Kant Jokes

Humoristic puns and funny pick up lines

I tried to come up with a pun about famous German philosophers...

but I Kant.

I'd really love to study Philosophy...

But I Kant.

Philosophy Convention

All the world's greatest philosophers are gathering in France for the largest philosophy convention ever. Socrates, Descartes, Kant, etc have all made their way to Paris and checked into their rooms. Aristotle's invitation was lost in the time-travel post office and he didn't get the invitation until much later.
When he finally arrives, he asks the front desk for his room but, unfortunately, no rooms are available.

Struck by this, Aristotle asks Socrates if he wouldn't mind sharing a room with him but Socrates slams the door in his face.

He goes over to Kant's room and pleads with him but Kant also slams the door in face.

Aristotle decides to change his plan. He walks to Descartes' room and tells him "Descartes, there has been a terrible mistake. The front desk has given you my room and has lost your reservation." Descartes, angered by this, replies "I think not!"

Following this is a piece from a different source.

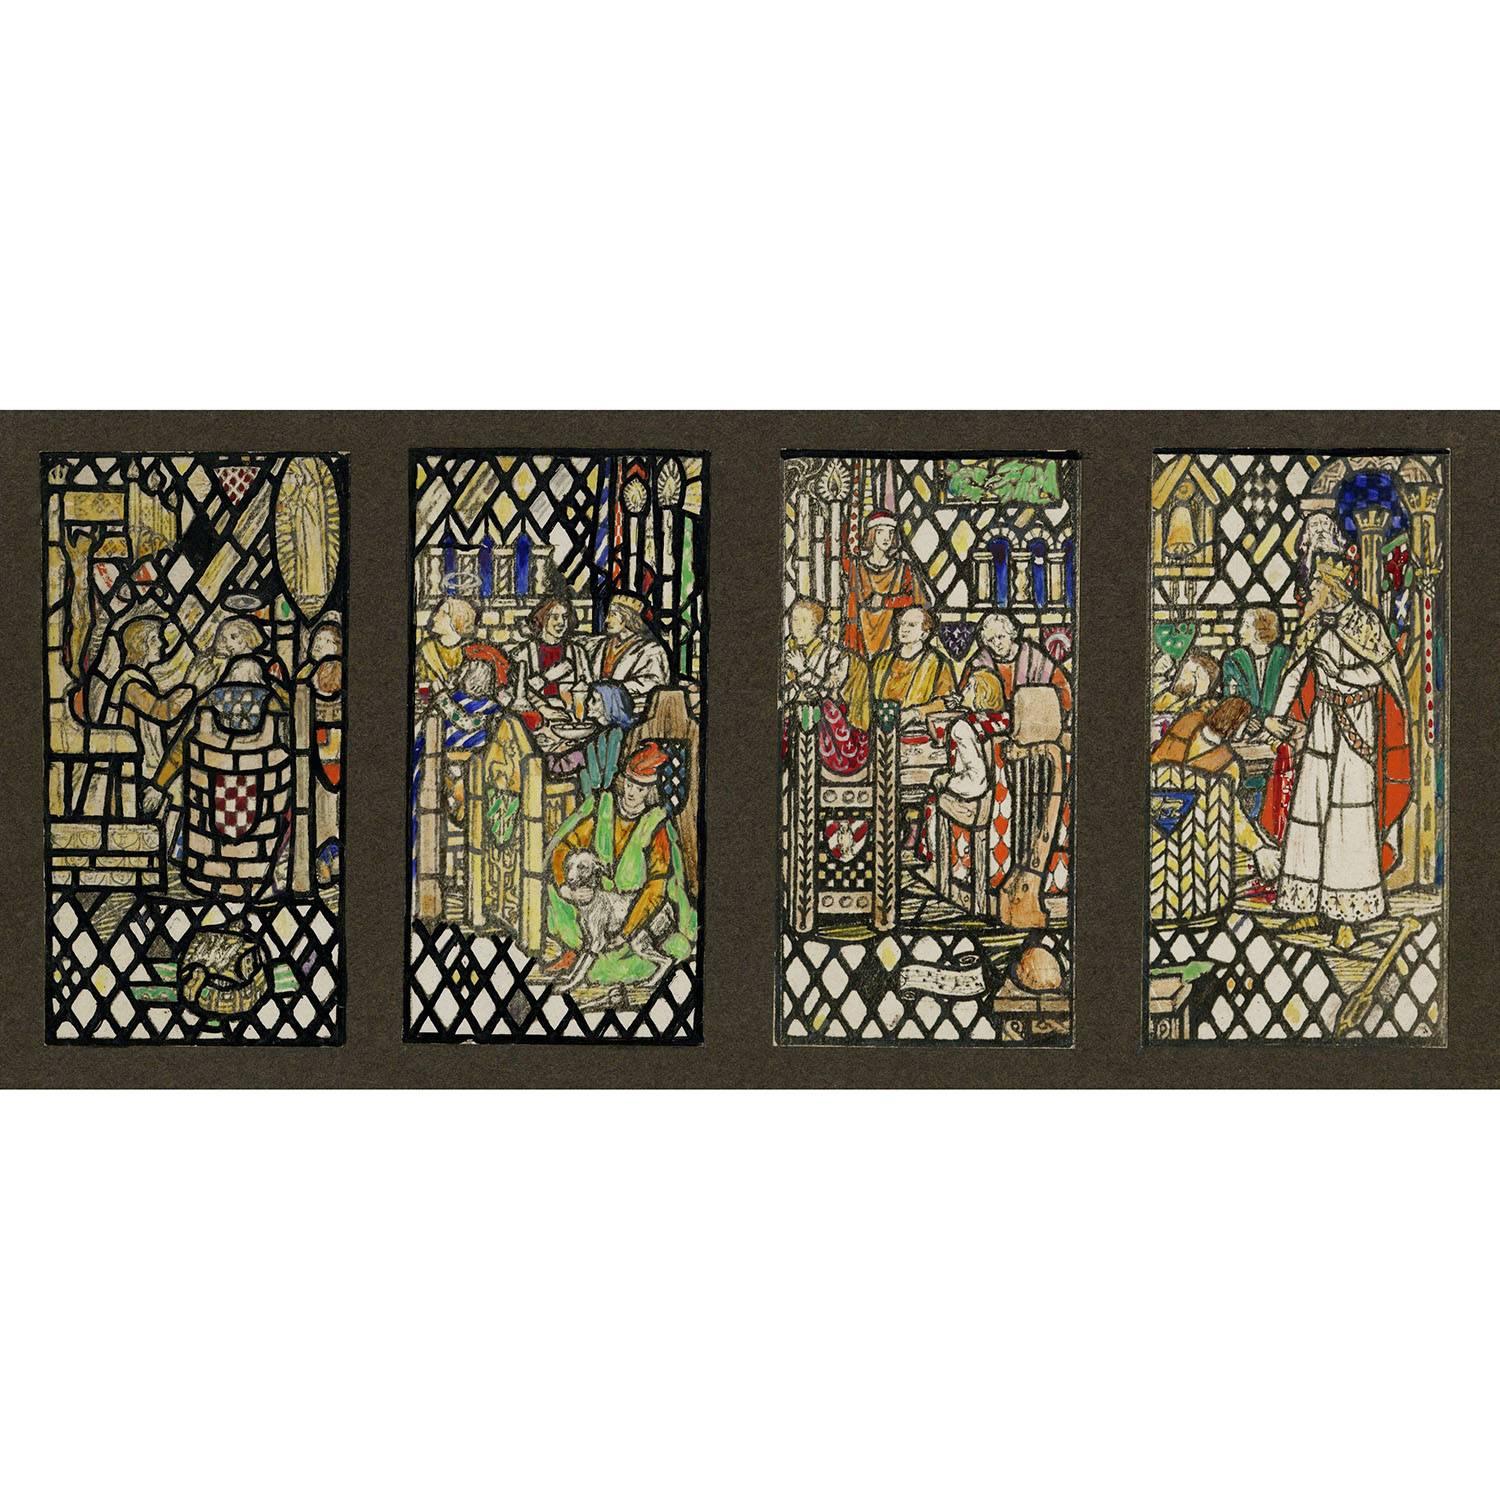 Florence and Walter Camm Landscape Art - Four Arthurian Stained Glass Window Designs For Mercersburg Academy Chapel, PA

And then Aristotle got a room.

Well now that Nietzsche won the prize for Best German Philosopher...

Immanuel Kant.

I was going to tell a joke about 18th century philosophers...

But I just Kant.

Can you imagine referring to philosophers by their first initial and last name?

Because I Kant.

What did Hannibal Lecter say to the philosophy professor after the lecture?

I can smell your Kant.

Have you seen the entitled philosopher preaching outside the women's dorm today?

What a Kant.

What do you call a mean philosopher?

A kant

What most philosophers can...

Emmanuel Kant.

If everyone did things like you do, would the world be a better place?

Guess it Kant be helped

I was trying to think of a good philosopher pun

...but I Kant

I want to stop philosophizing

But I kant

What did the philosophy major say when asked can you recommend a philosopher who wrote on how to treat his fellow man?

I. Kant

I thought I could finish this philosophy essay...

...Turns out I Kant.

Why does the philosopher have an automatic car..?

Because he Kant drive Immanuel.

What is Australias favourite philosopher?


What did Immanuel Kant once say?

My name is Kant but my personality isn't.

Two philosophers walk into a bar, sit down, order a round of beers, and start playing poker.

I Kant tell you the rest; it just wasn't in Descartes.

I'm so bad at philosophy....

.....I Kant even

Immanuel doesn't pun,

he Kant.

Does anyone if there are any German philosophers?

I Kant think of any.

My friend is trying to convince me to teach a combination ophthalmology/philosophy/spanish/technology/pun course.

But eye just kant si IT.

What are the funniest kant jokes of all time?

Did you ever wanted to stand out with a good sense of humour joking about Kant? Well, here are the best Kant puns to laugh out loud. Crazy and funny Kant pick up lines to share with friends.